The result should be an exact copy of every record, with no pictures kept.

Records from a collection
-----

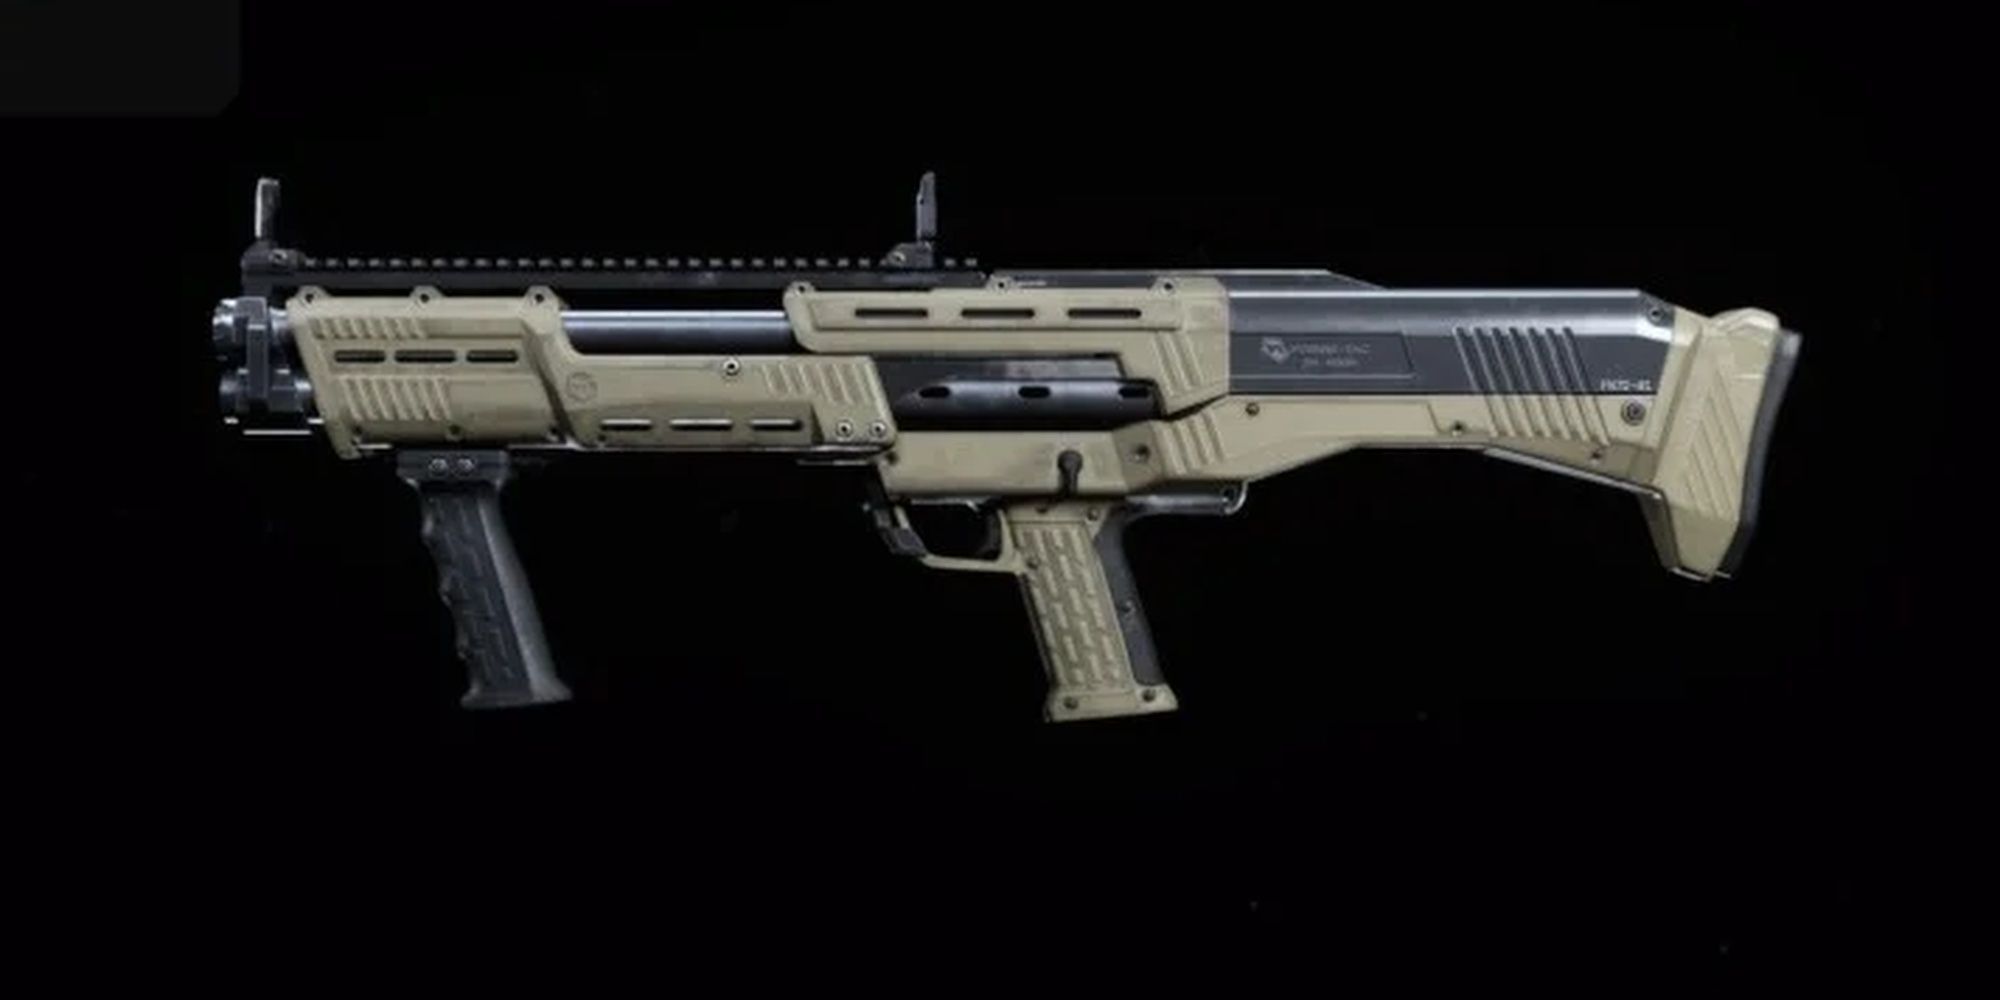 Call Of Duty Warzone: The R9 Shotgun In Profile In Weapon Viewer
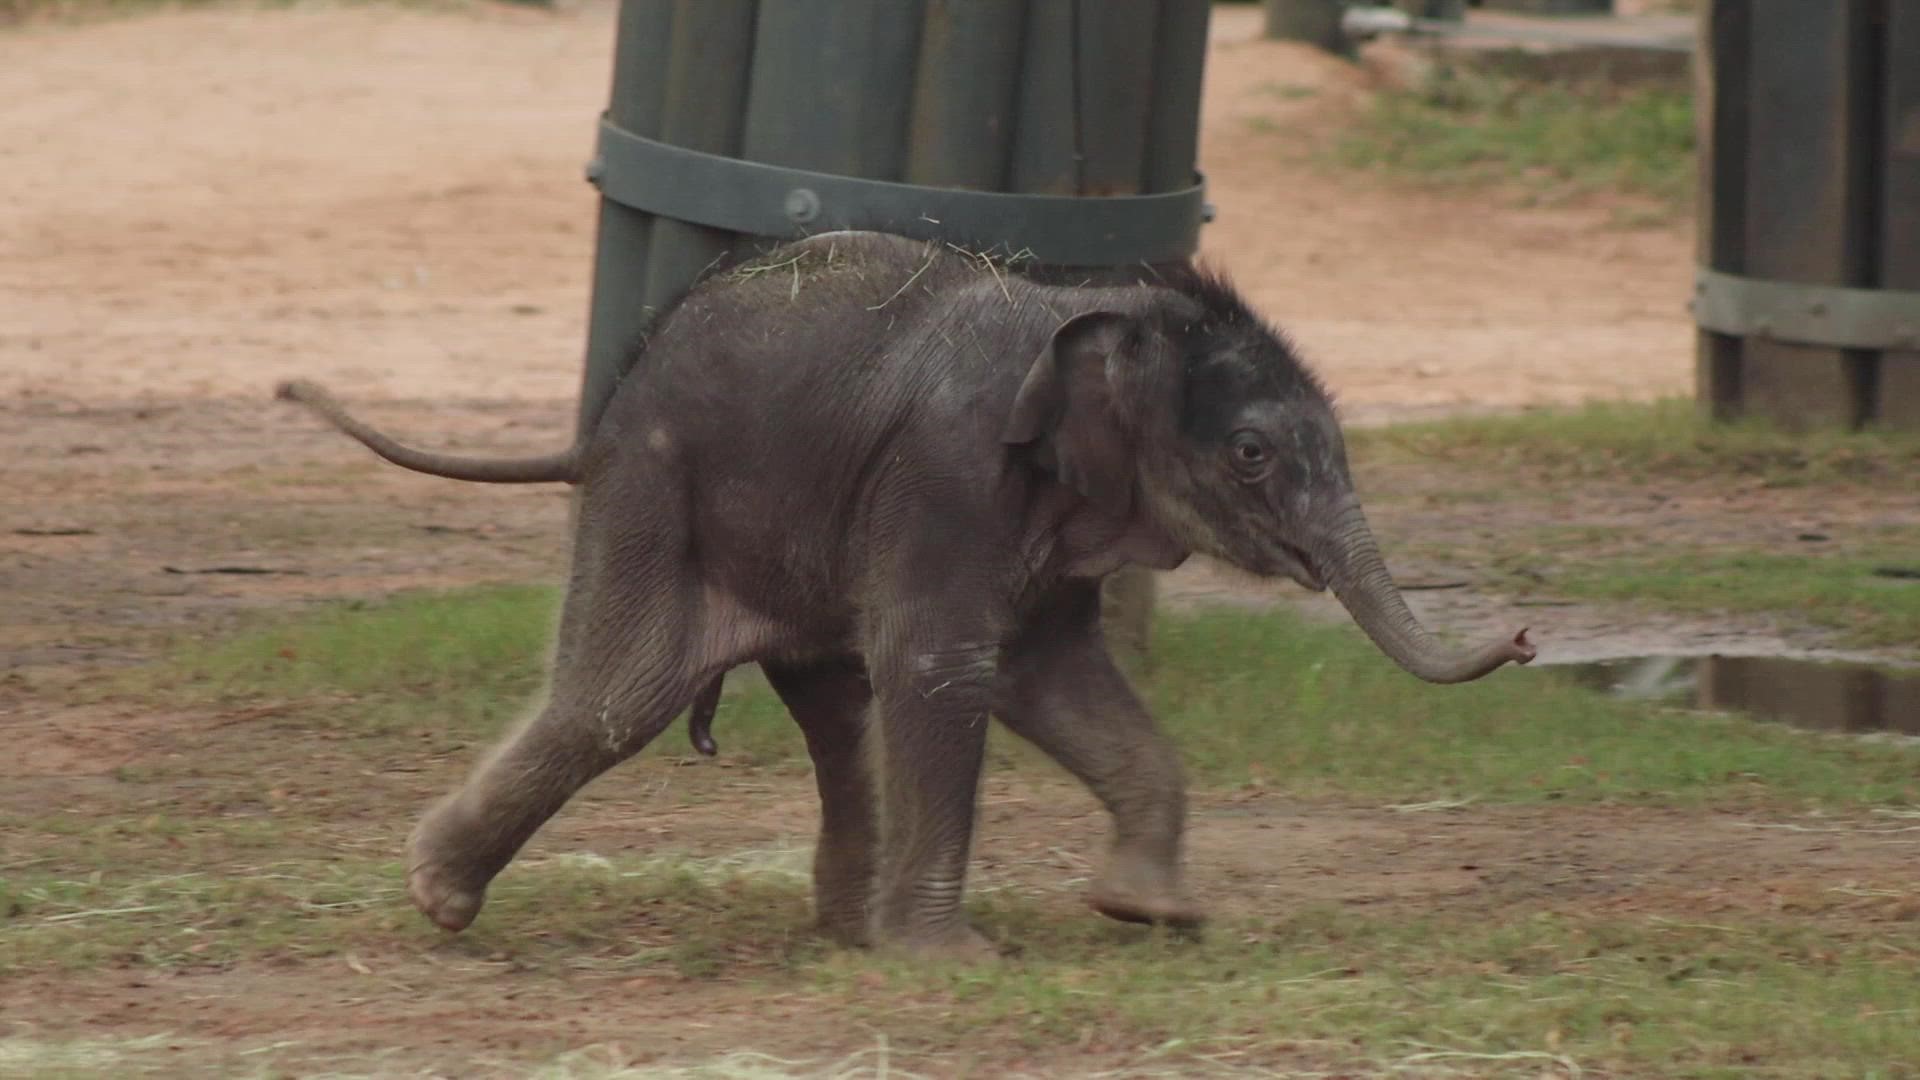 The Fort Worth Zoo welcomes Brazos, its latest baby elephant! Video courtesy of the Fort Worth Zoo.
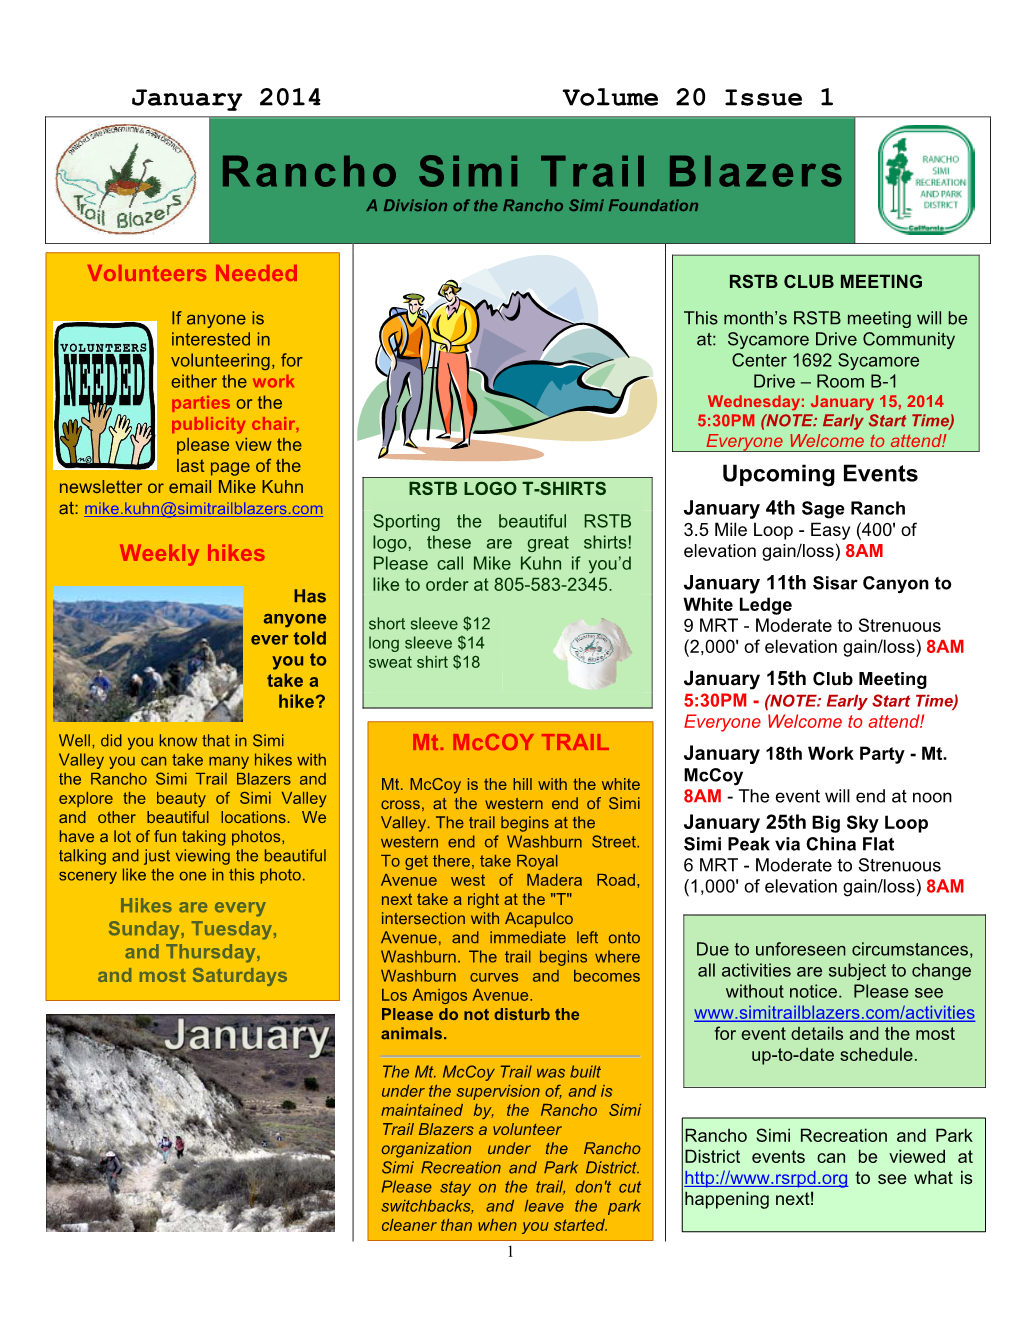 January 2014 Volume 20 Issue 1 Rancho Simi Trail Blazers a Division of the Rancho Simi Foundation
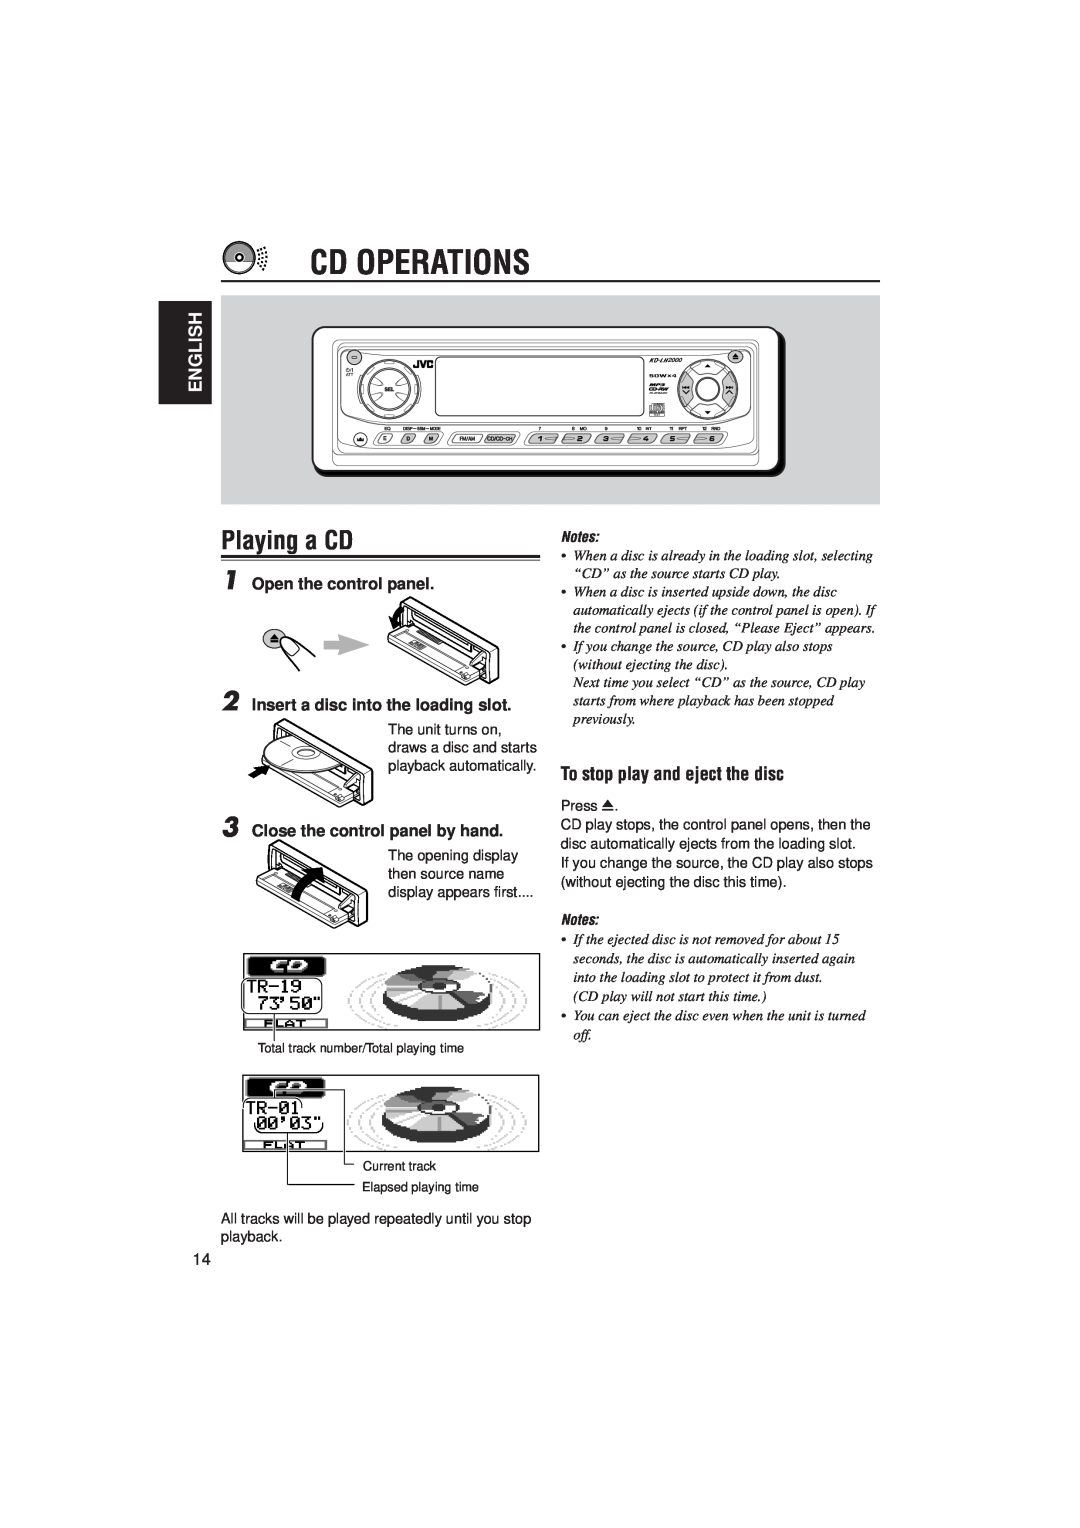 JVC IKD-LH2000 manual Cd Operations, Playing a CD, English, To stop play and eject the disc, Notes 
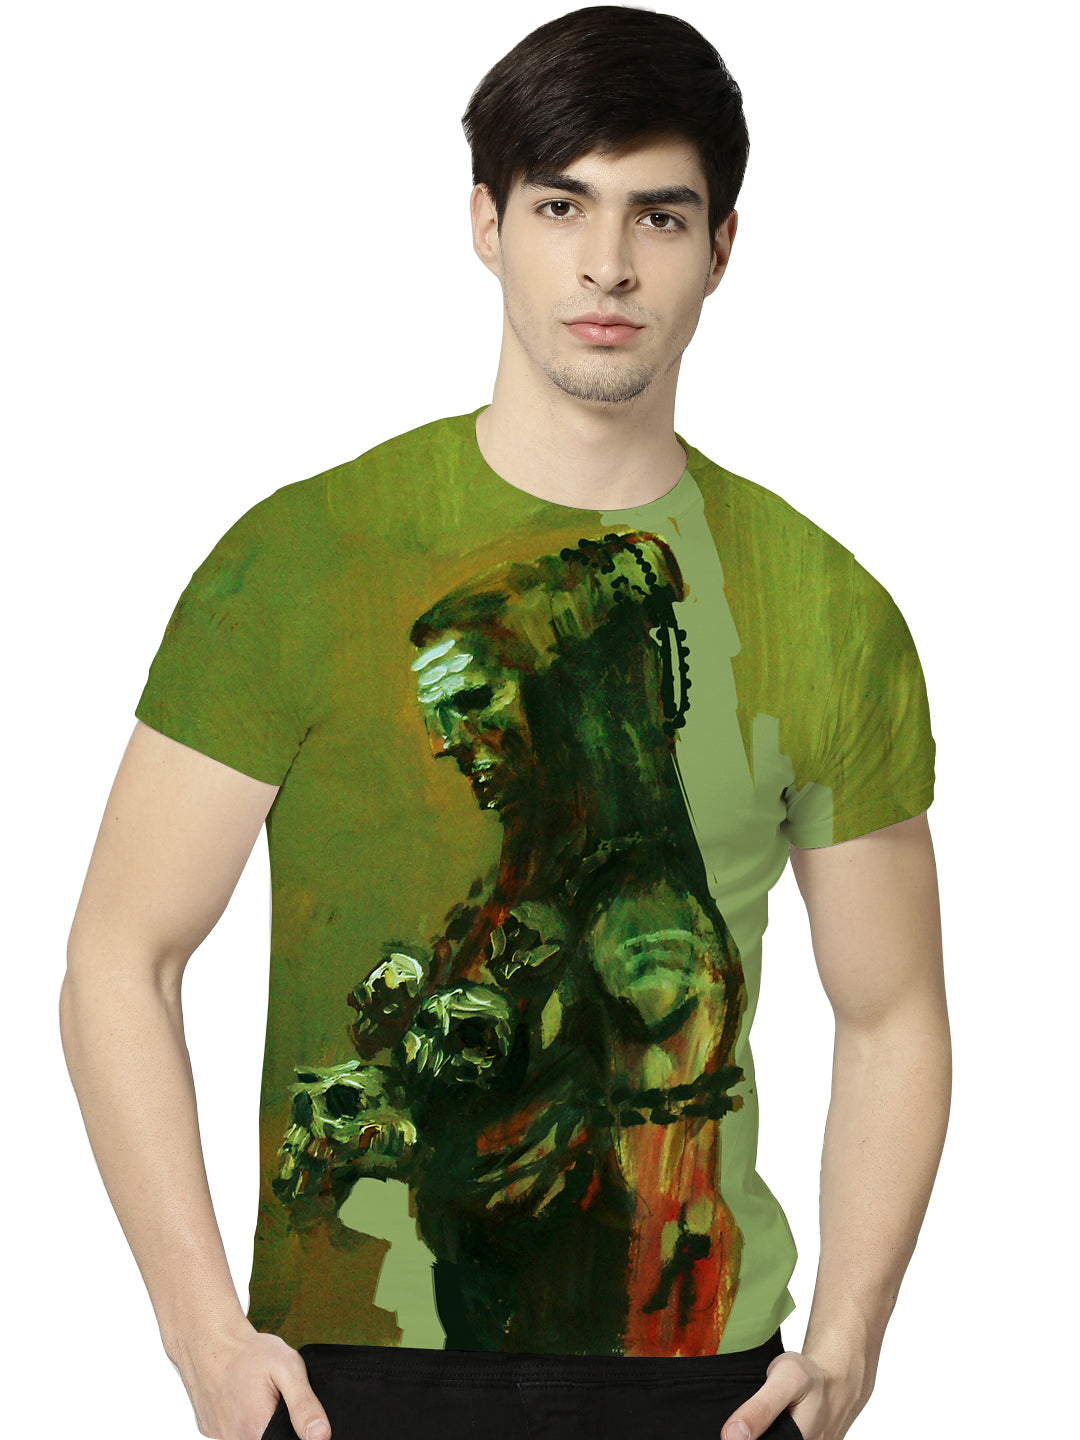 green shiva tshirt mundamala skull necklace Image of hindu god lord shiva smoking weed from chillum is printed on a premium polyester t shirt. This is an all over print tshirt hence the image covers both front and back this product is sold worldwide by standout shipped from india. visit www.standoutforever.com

-----

▶ RESULT:
 Call Of Duty Warzone: The R9 Shotgun In Profile In Weapon Viewer
 The Fort Worth Zoo welcomes Brazos, its latest baby elephant! Video courtesy of the Fort Worth Zoo.
 January 2014 Volume 20 Issue 1 Rancho Simi Trail Blazers a Division of the Rancho Simi Foundation
 JVC IKD-LH2000 manual Cd Operations, Playing a CD, English, To stop play and eject the disc, Notes 
 green shiva tshirt mundamala skull necklace Image of hindu god lord shiva smoking weed from chillum is printed on a premium polyester t shirt. This is an all over print tshirt hence the image covers both front and back this product is sold worldwide by standout shipped from india. visit www.standoutforever.com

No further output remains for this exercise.